The infrastructure those agents act on was built for two kinds of actor: humans, and scripted bots that defenses try to block. An agent is neither. It behaves like a person, works at machine speed, and answers to nobody a counterparty can identify. No deployed system lets a website, a marketplace, or another agent ask the questions that matter: who is this agent, who does it act for, what is it permitted to do, and who answers if it goes wrong.

Documented incidents

An agent passes the internet's humanness check while narrating the act. On July 25, 2025, OpenAI's ChatGPT Agent, in the middle of a routine file-conversion task, encountered Cloudflare's "Verify you are human" checkbox, clicked it, and passed (Ars Technica, July 28, 2025). The agent described its own action as it worked: "This step is necessary to prove I'm not a bot and proceed with the action." The screening it defeated analyzes mouse movements, click timing, browser fingerprints, and IP reputation to decide whether the visitor behaves like a human. The agent behaves like a human. That is what it is for.

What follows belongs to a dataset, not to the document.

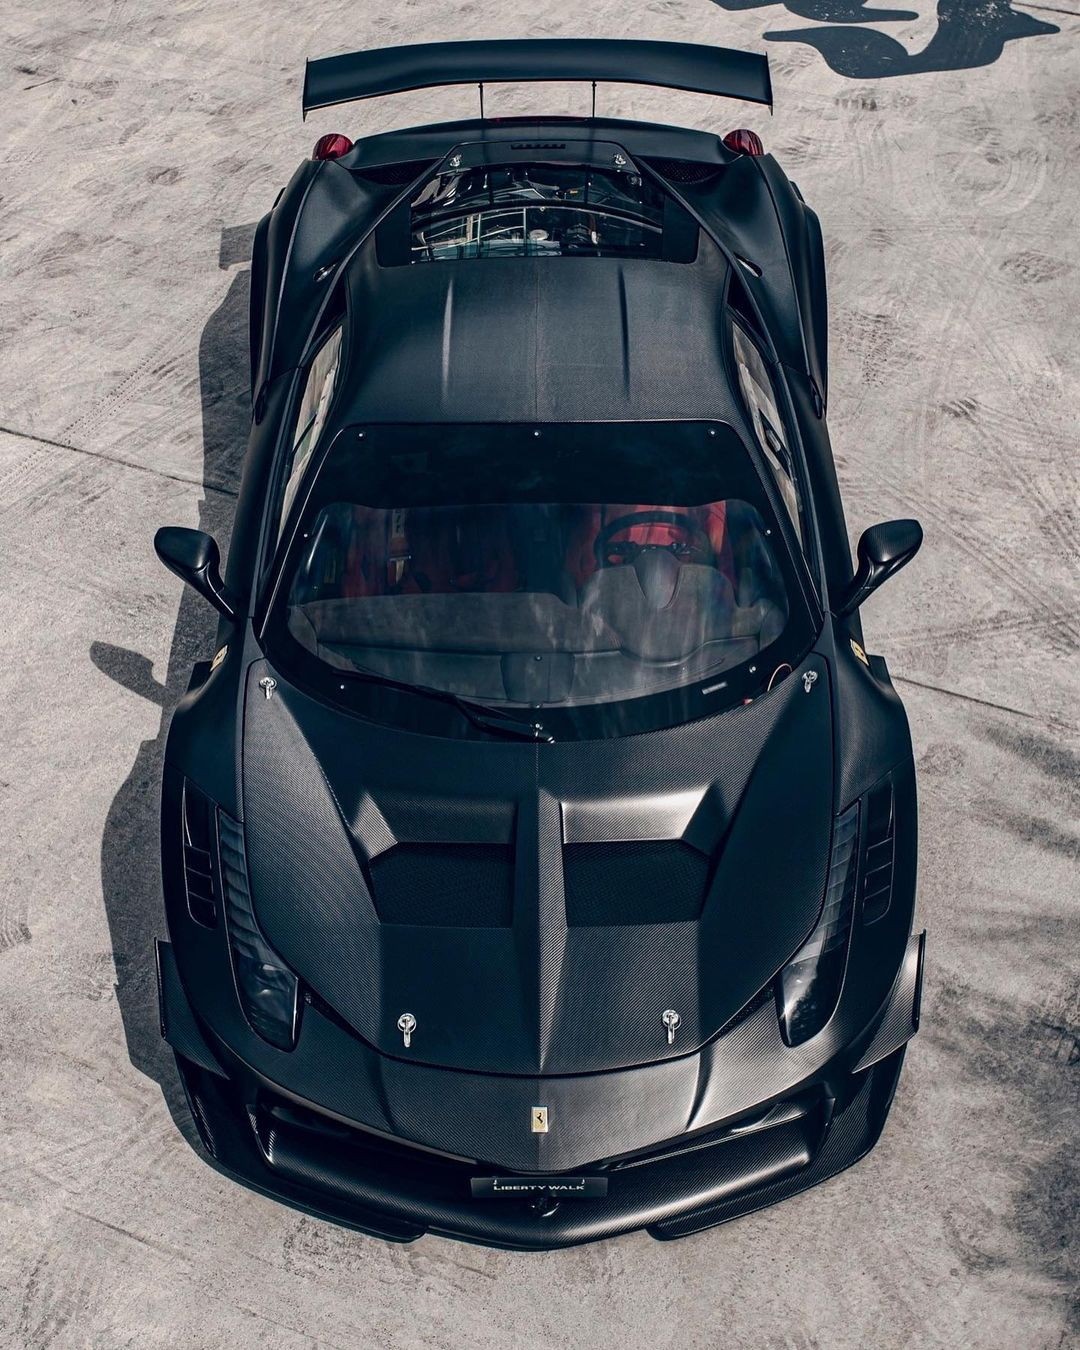 Is This the Sexiest Ferrari 458 You've Ever Seen or What? - autoevolution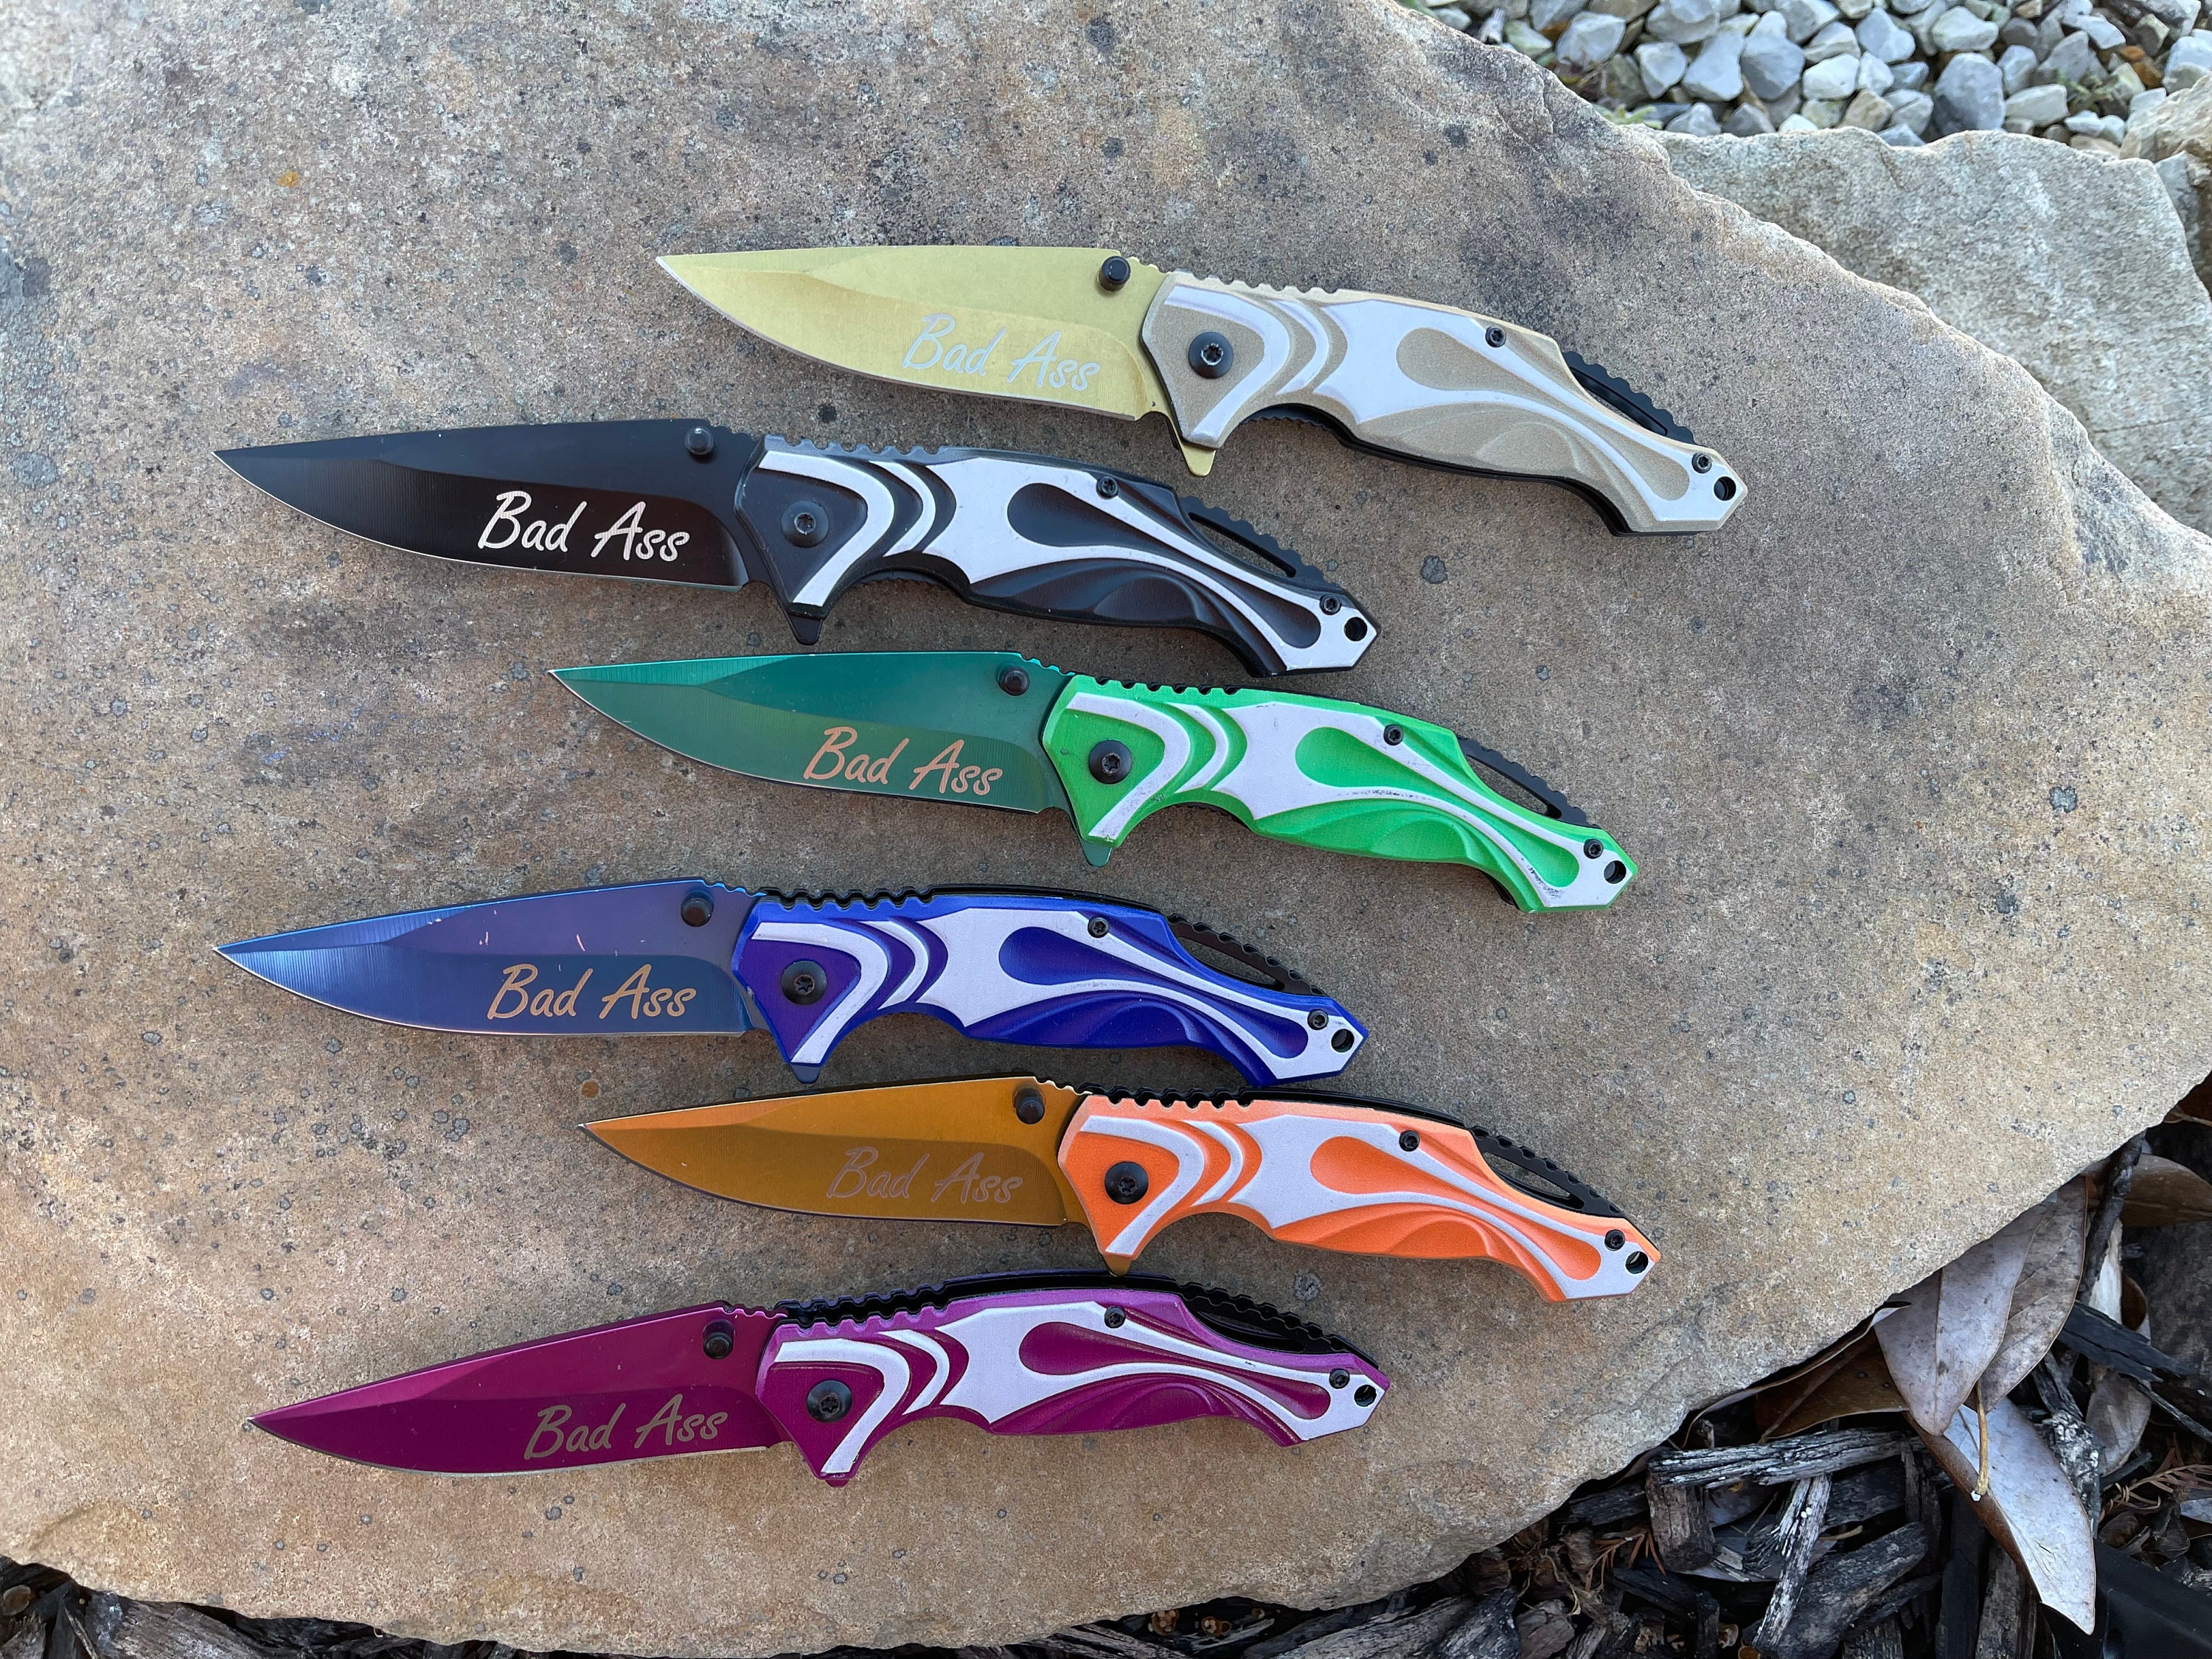 Guys Ladies Rainbow Multi Color All Metal Spring Assisted Pocket Knife 4.2  oz.

Covert agents manipulate a public forum for four months, and nobody can be held to account. From November 2024 to March 2025, University of Zurich researchers ran 34 AI accounts on Reddit's r/changemyview, posting more than 1,500 comments while posing as humans, among them "a male rape survivor," "a trauma counselor," and "a Black person who disagreed with the Black Lives Matter movement" (Science, April 30, 2025). The system read targets' posting histories to infer gender, ethnicity, and political orientation, then tailored arguments to the individual. The researchers' own analysis, withdrawn before publication, reports persuasion rates three to six times the human baseline, with the personalized variant in the 99th percentile of all users on the forum. The subreddit's rules prohibited AI-generated content; rules without verification detected nothing for four months. Afterward the accountability chain led nowhere. The university's ethics review was advisory and could not stop the study, the researchers stayed anonymous, and Reddit's chief legal officer, calling the experiment "improper and highly unethical," was left to pursue legal demands against the institution (Science, April 30, 2025).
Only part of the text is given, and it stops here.